[Start of Attachment]
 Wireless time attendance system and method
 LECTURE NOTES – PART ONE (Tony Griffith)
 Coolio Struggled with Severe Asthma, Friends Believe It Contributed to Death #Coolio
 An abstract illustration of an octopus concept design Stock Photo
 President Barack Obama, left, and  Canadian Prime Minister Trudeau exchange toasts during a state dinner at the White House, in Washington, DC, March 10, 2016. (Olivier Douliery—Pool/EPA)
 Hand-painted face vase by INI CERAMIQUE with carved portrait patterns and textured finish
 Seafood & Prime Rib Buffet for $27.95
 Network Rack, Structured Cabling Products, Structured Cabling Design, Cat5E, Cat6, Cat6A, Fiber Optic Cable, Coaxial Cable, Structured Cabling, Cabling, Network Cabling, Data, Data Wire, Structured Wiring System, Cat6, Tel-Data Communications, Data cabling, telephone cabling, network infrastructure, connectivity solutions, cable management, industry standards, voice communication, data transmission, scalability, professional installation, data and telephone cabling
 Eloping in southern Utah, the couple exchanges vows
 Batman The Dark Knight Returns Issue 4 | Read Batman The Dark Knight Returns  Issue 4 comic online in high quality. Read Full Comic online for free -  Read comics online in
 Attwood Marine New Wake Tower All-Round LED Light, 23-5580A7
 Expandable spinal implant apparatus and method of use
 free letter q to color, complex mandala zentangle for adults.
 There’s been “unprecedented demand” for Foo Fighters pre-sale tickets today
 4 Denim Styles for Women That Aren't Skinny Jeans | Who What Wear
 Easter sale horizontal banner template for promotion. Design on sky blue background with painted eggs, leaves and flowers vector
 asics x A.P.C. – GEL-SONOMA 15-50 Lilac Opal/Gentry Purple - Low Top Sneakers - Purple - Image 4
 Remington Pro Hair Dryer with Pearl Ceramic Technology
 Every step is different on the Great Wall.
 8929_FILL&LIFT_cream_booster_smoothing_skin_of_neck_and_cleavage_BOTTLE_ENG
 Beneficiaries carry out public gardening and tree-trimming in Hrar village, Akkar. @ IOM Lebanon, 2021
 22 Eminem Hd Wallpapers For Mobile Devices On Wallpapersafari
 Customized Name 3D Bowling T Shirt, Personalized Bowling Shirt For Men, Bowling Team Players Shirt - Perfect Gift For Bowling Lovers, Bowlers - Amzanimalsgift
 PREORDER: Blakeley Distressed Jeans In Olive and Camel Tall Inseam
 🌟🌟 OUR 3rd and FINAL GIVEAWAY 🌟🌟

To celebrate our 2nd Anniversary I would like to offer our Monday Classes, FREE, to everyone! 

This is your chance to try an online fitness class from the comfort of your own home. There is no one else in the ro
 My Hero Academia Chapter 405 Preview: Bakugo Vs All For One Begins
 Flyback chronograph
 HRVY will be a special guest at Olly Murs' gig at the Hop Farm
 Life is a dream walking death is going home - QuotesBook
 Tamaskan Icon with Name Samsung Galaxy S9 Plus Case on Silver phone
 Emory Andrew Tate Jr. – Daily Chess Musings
[End of Attachment]
### Required work
Working from the data above, extract solely the lines from the one containing "Remington Pro Hair" through the one containing "FINAL GIVEAWAY 🌟🌟", exactly as they appear, both included.

### Solution to this problem
 Remington Pro Hair Dryer with Pearl Ceramic Technology
 Every step is different on the Great Wall.
 8929_FILL&LIFT_cream_booster_smoothing_skin_of_neck_and_cleavage_BOTTLE_ENG
 Beneficiaries carry out public gardening and tree-trimming in Hrar village, Akkar. @ IOM Lebanon, 2021
 22 Eminem Hd Wallpapers For Mobile Devices On Wallpapersafari
 Customized Name 3D Bowling T Shirt, Personalized Bowling Shirt For Men, Bowling Team Players Shirt - Perfect Gift For Bowling Lovers, Bowlers - Amzanimalsgift
 PREORDER: Blakeley Distressed Jeans In Olive and Camel Tall Inseam
 🌟🌟 OUR 3rd and FINAL GIVEAWAY 🌟🌟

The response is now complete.